Learning Hierarchical Interactions at Scale: A Convex Optimization Approach
This work addresses scalability issues in machine learning for high-dimensional data with interactions, offering a practical solution for domains like genomics or recommendation systems, though it is incremental in improving existing convex optimization methods.
The paper tackles the challenge of efficiently learning hierarchical interaction models with strong hierarchy constraints at large scales, achieving a 4900x speed-up and outperforming state-of-the-art methods in prediction and variable selection for problems with up to 50,000 main features and billions of interactions.
In many learning settings, it is beneficial to augment the main features with pairwise interactions. Such interaction models can be often enhanced by performing variable selection under the so-called strong hierarchy constraint: an interaction is non-zero only if its associated main features are non-zero.
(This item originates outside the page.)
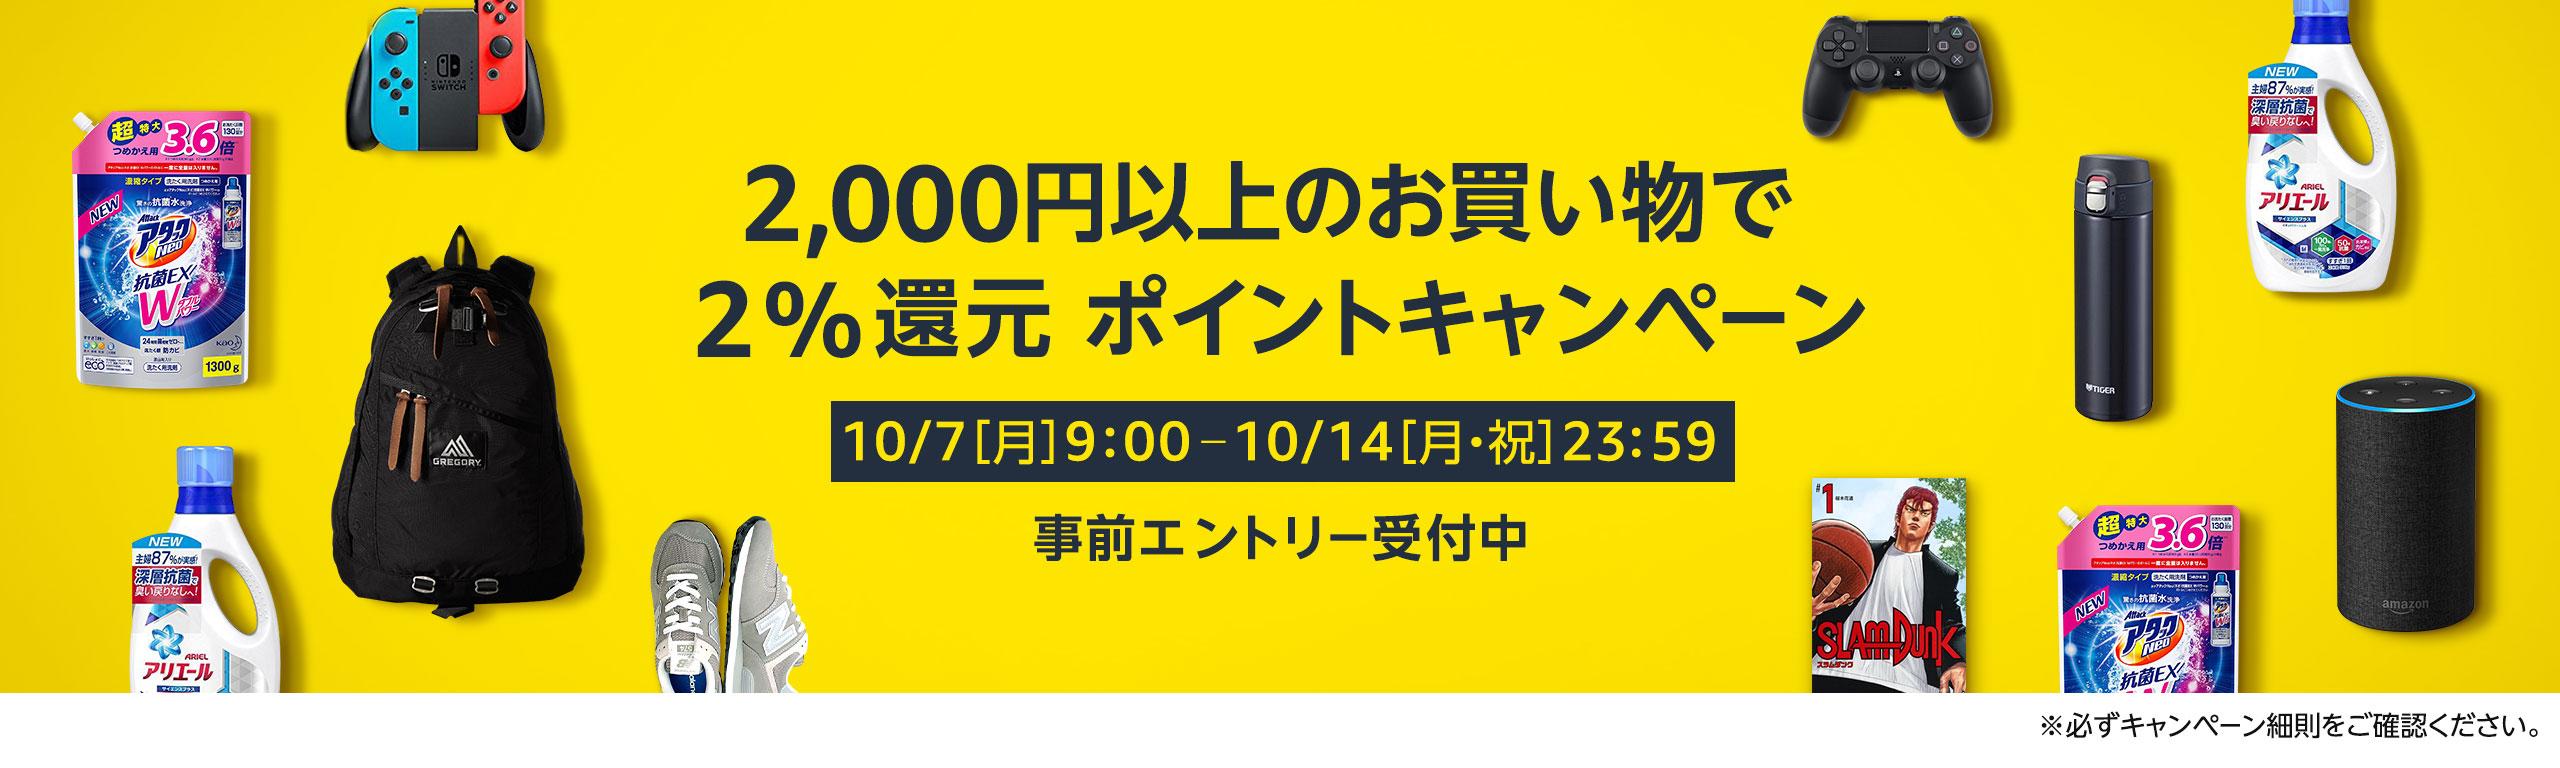 アマゾンでページを見るだけで2000円以上で2%ポイントバック。10/7 9時~。

Existing convex optimization based algorithms face difficulties in handling problems where the number of main features $p \sim 10^3$ (with total number of features $\sim p^2$). In this paper, we study a convex relaxation which enforces strong hierarchy and develop a highly scalable algorithm based on proximal gradient descent. We introduce novel screening rules that allow for solving the complicated proximal problem in parallel. In addition, we introduce a specialized active-set strategy with gradient screening for avoiding costly gradient computations. The framework can handle problems having dense design matrices, with $p = 50,000$ ($\sim 10^9$ interactions)---instances that are much larger than current state of the art. Experiments on real and synthetic data suggest that our toolkit hierScale outperforms the state of the art in terms of prediction and variable selection and can achieve over a 4900x speed-up.